Goma lies at the foot of an active volcano in the Democratic Republic of Congo and on the border with Rwanda.
It matters today because it testifies to the powerlessness of the Congolese government and the United Nations to stop fighting and tit-for-tat violence.
The border city also matters because it could be an indicator of the unravelling of the Rwandan president’s authority.
In Rwanda, President Paul Kagame is under pressure from hardliners frustrated by the continued presence of opposition forces who have found sanctuary on the Congolese side of the border.
President Kagame is also increasingly seen as an embarrassment to touchy foreign partners.
M23 rebels have now entered Goma; the governor of North Kivu has fled to Bukavu by boat and hundreds of thousands of people are fleeing the city helter-skelter without having anywhere to go.
War, rape and the illegal extraction of minerals – an old story – matter more and more.
M23, also known as the Congolese Revolution Army, is alleged to be the newest avatar of Rwandan support for Tutsi rebellions in eastern DR Congo.
The rebel fighters defected from the Congolese army in April this year because of pressure on the Congolese government to arrest Gen Bosco Ntaganda who has been indicted by the International Criminal Court for alleged war crimes.
The recent fighting for Goma can be directly traced to this decision.
It also results from the symbolic and strategic importance the city and region have in the intricate Kigali-Kinshasa balance of power.
Who are the M23 rebels?
- Named after the 23 March 2009 peace accord which they accuse the government of violating
- This deal saw them join the army before they took up arms once more in April 2012
- Also known as the Congolese Revolutionary Army
- Mostly from minority Tutsi ethnic group
- Deny being backed by Rwanda and Uganda
- Believed to have 1,200 to 6,000 fighters
- International Criminal Court indicted top commander Bosco “Terminator” Ntaganda in 2006 for allegedly recruiting child soldiers
- The UN and US imposed a travel ban and asset freeze earlier this month on the group’s leader, Sultani Makenga
Some 20,000 UN blue helmets with a $1.5bn (£943m) annual budget have not been able to stop the fighting.

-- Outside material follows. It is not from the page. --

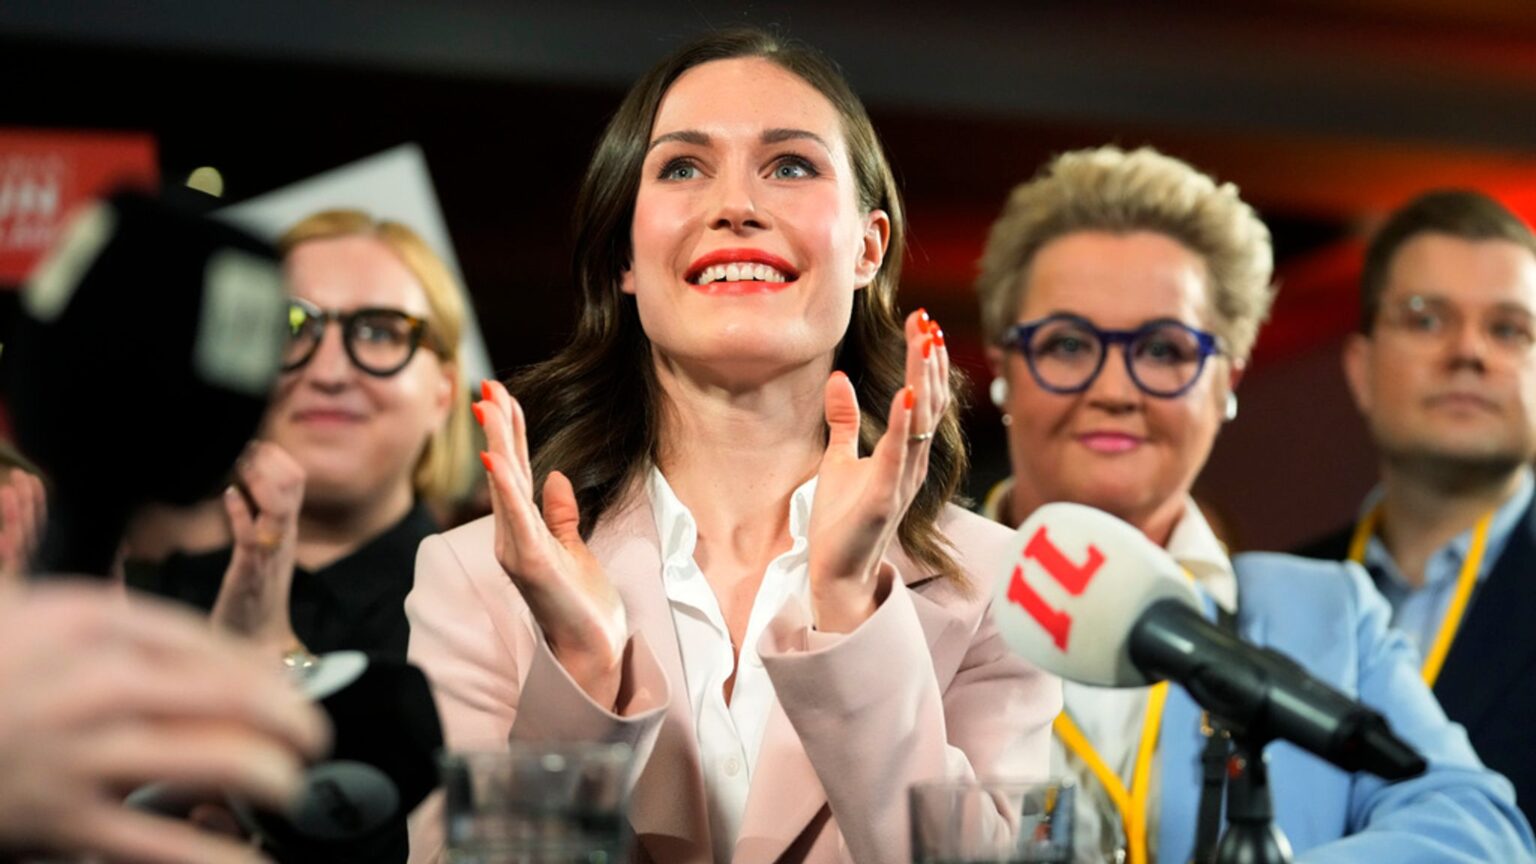 Sanna Marin defeated by Finland's conservatives in tight race
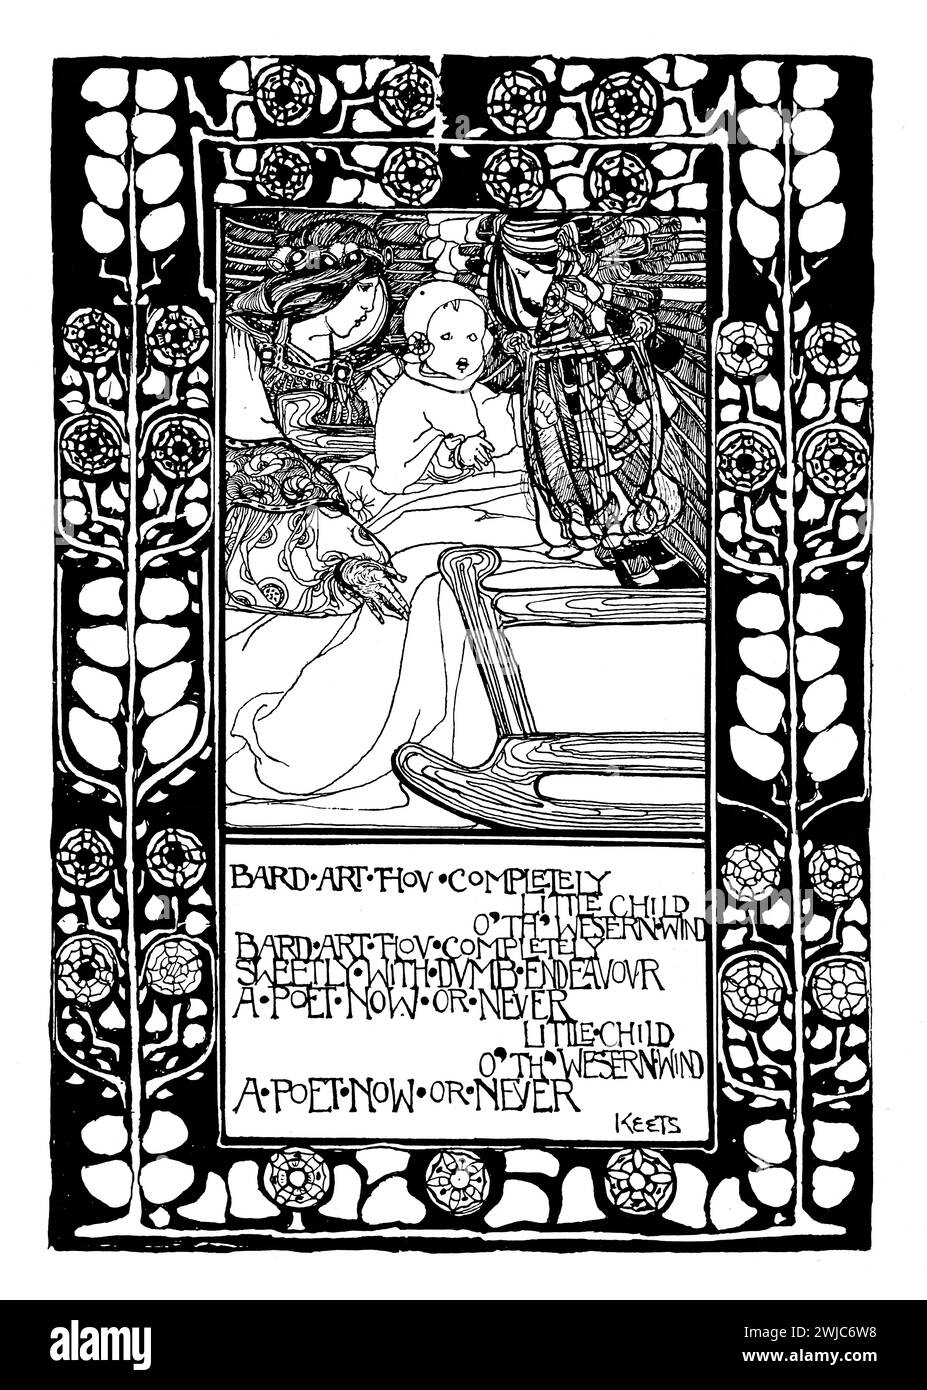 1901 Tis the witching time of night Poem, di John Keats line Illustration by Chance Foto Stock

The peacekeeping force – Monusco – has ordered the evacuation of its non-essential staff.
UN resolutions taken in New York have little impact on rebels or their backers.
Rwanda is not bowing down to Paris, Brussels, Washington or London.
The small East African nation, the donor darling of the post-genocide years, raises an interesting paradox.
Development aid it has received has been used efficiently but the creation of Mr Kagame’s benign dictatorship is having unforeseen side effects in eastern DR Congo.
The UN Security Council has condemned Rwandan support of the M23 rebel group leading to another paradox.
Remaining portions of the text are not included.